Endocrine Abstracts

Introduction: Klinefelter syndrome has been associated with decreased bone density most likely due to testosterone deficiency. Furthermore, a negative effect of long-lasting follicle-stimulating hormone (FSH) excess (starting from puberty) on trabecular bone has been suggested. Other endocrine mechanisms, such as global Leydig cell dysfunction, higher oestradiol levels, altered 25-OH vitamin D levels, and genetic aspects related to the supernumerary X chromosome might be involved. An increased risk for vertebral fractures has been reported as a complication of Klinefelter syndrome despite testosterone replacement therapy.

Objective: This study aimed to investigate bone health in a cohort of individuals with Klinefelter syndrome (KS) compared to patients with hypogonadotropic hypogonadism (HH) considering the influence of testosterone replacement therapy.

Methods: Ten individuals with known KS (23-78 years) and 15 individuals with HH (33-87 years) were submitted in regard to metabolic markers, bone density (BMD), bone formation markers (alkaline phosphatase and osteocalcin), a bone turnover marker (beta-crosslinks) and 25-OH vitamin D levels. BMD was measured by dual-energy X-ray absorptiometry (DXA) and expressed as T-scores. Nine of the KS individuals and 14 of the HH patients administered testosterone replacement therapy. Serum levels of testosterone, FSH, 25-OH vitamin D and bone markers were measured by commercial immunoassays in a routine clinical laboratory.

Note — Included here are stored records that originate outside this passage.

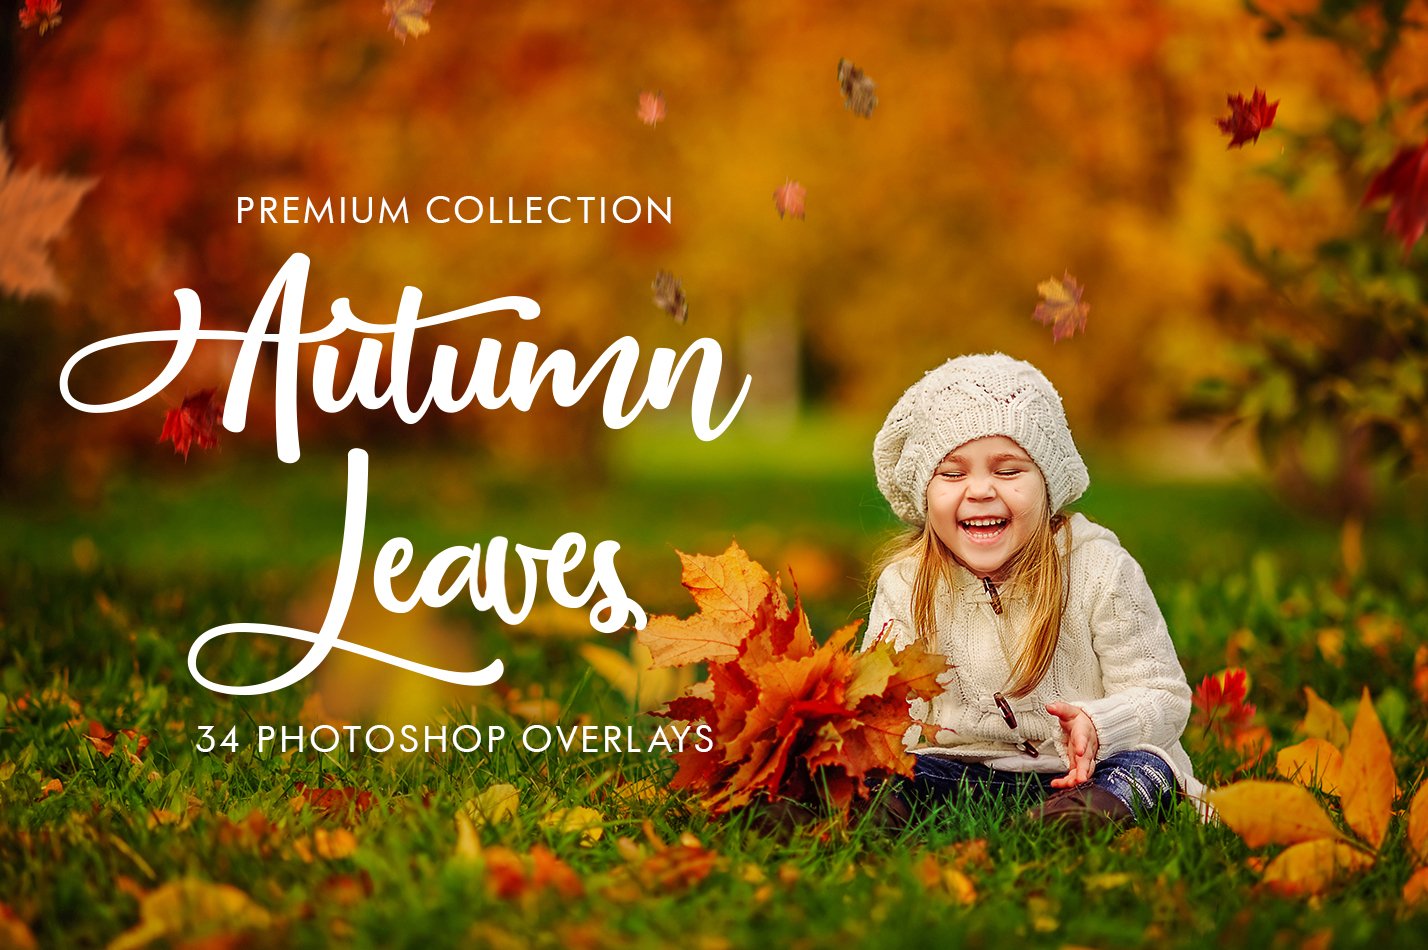 Autumn Leaves Photoshop Overlayscover image.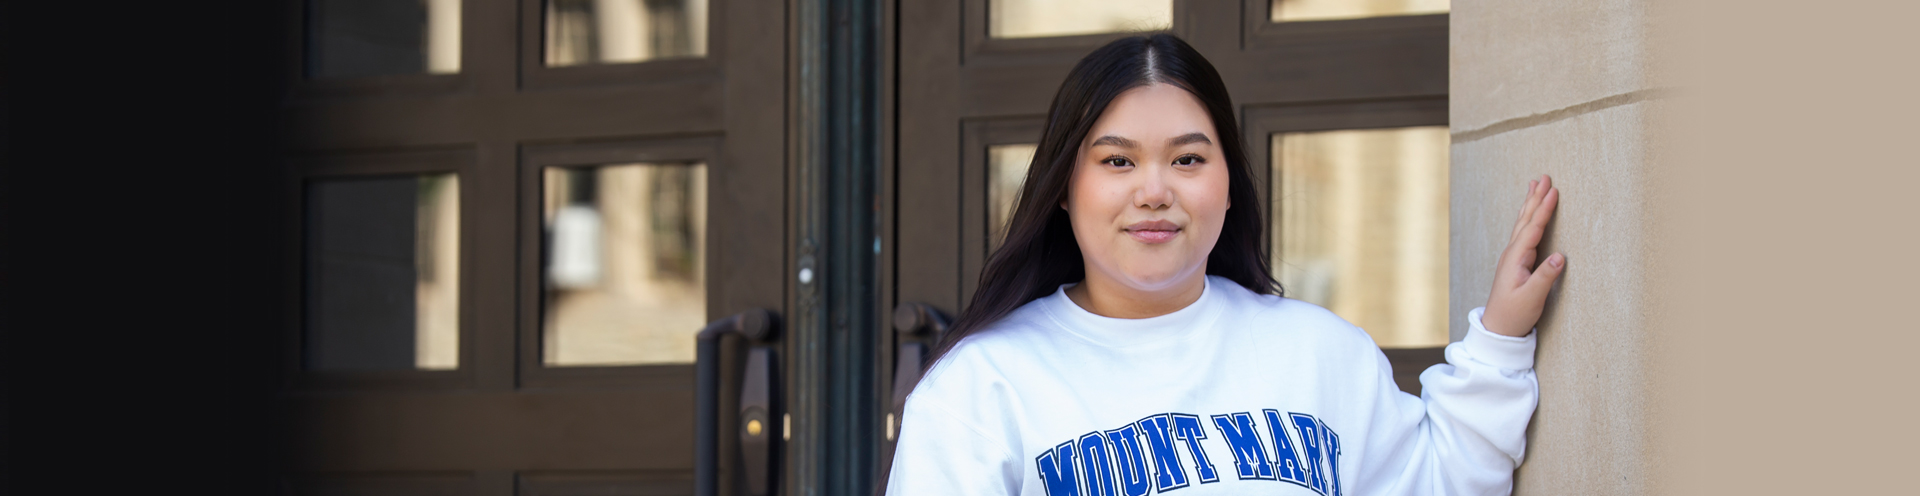 Why I chose Mount Mary: Four Students Share their Stories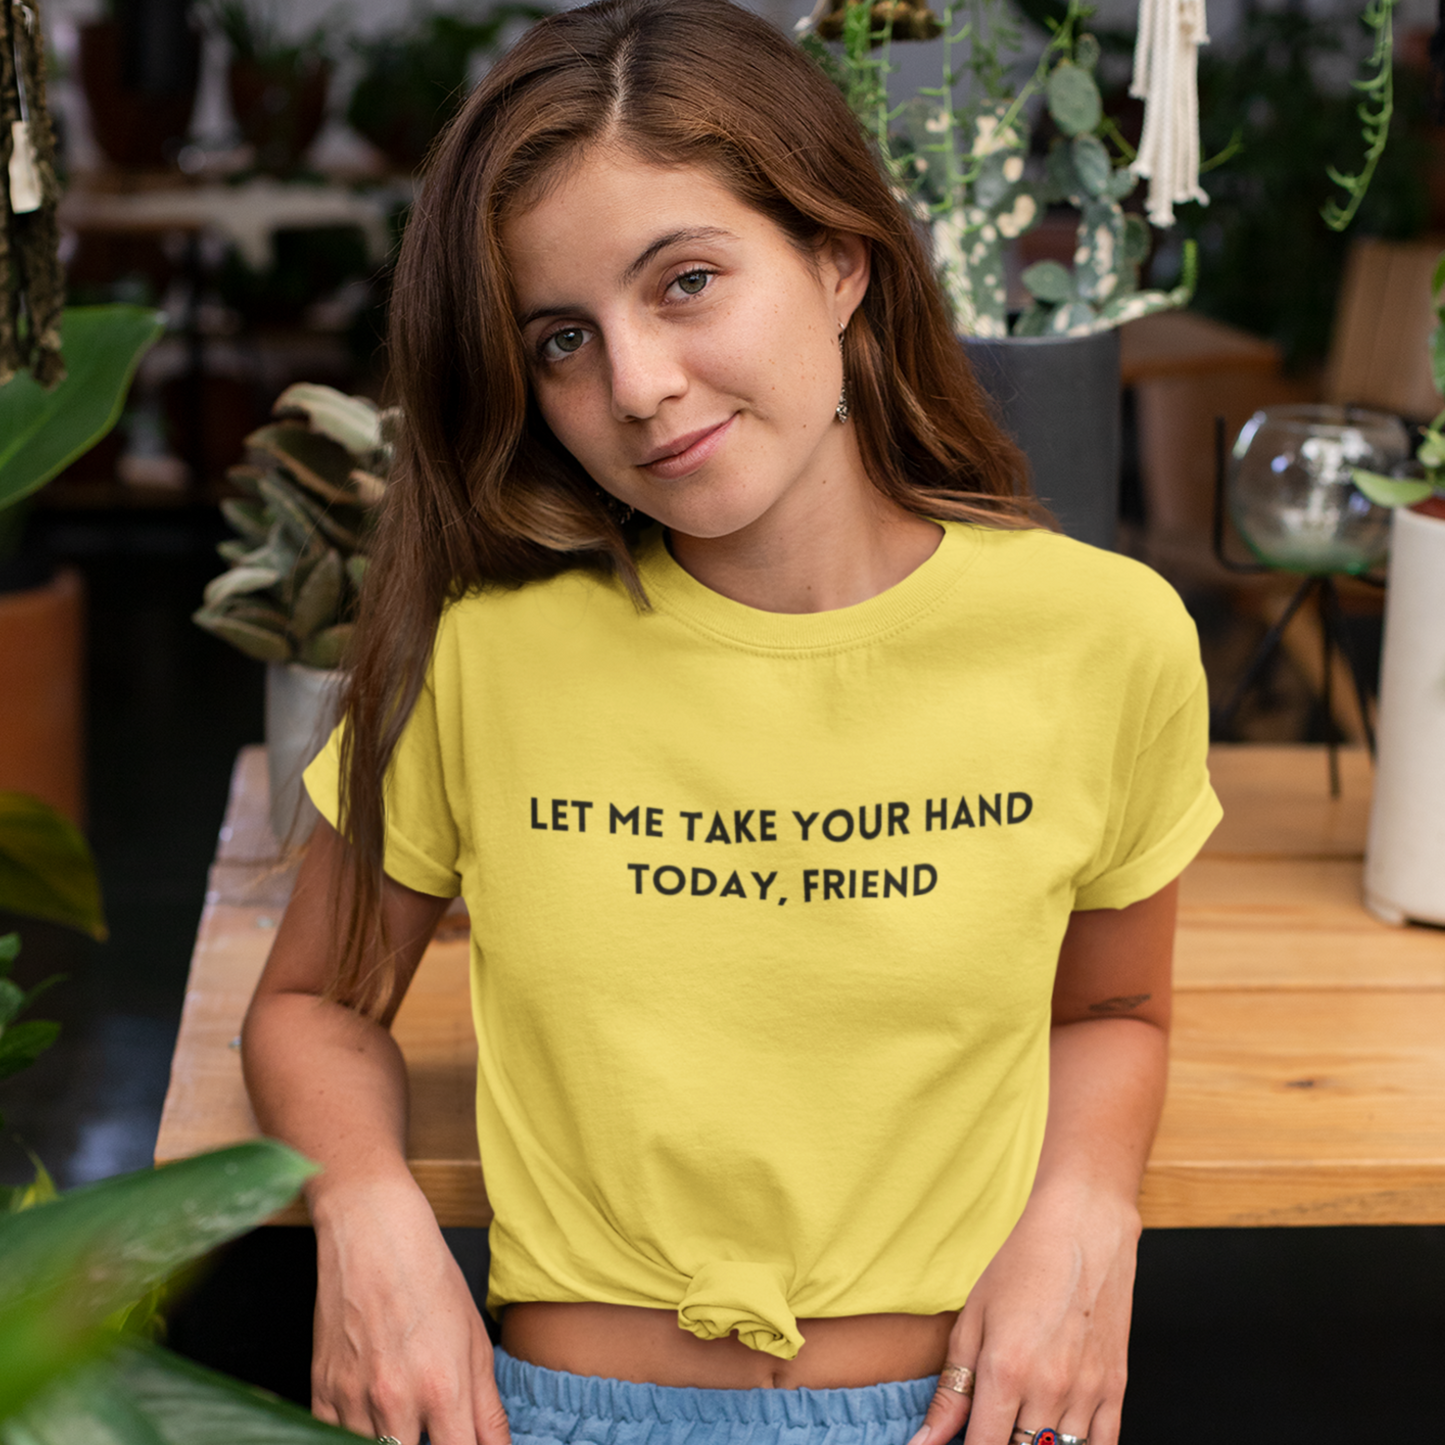 Let me take your hand today friend  Inspirational words t shirt  t shirt gift for caring friends self affirming words t shirt

Results: All but one individual treated with exogenous testosterone had a bone mineral density within the normal range. Patients with KS had higher FSH concentrations (P=0.0043) but testosterone levels were comparable. The T-score of bone mineral density was found to be lower in lumbar spine than in the femoral neck in KS patients. In contrast, in HH individuals T-score of bone mineral density of lumbar spine was similar to T-scores of the femoral neck, demonstrating a difference in bone mineralization of the lumbar spine in KS vs HH (P=0.04). Bone formation biomarkers (alkaline phosphatase, osteocalcin) and the bone turnover biomarker were comparable between groups.

Conclusions: Despite comparable bone markers, we found significantly lower lumbar spine bone mineralization in patients with Klinefelter syndrome compared to hypogonadotropic hypogonadism under long-term testosterone replacement therapy. The underlying mechanism of this observation remains to be identified but may explain the previously reported increased risk of individuals with Klinefelter syndrome for vertebral fractures.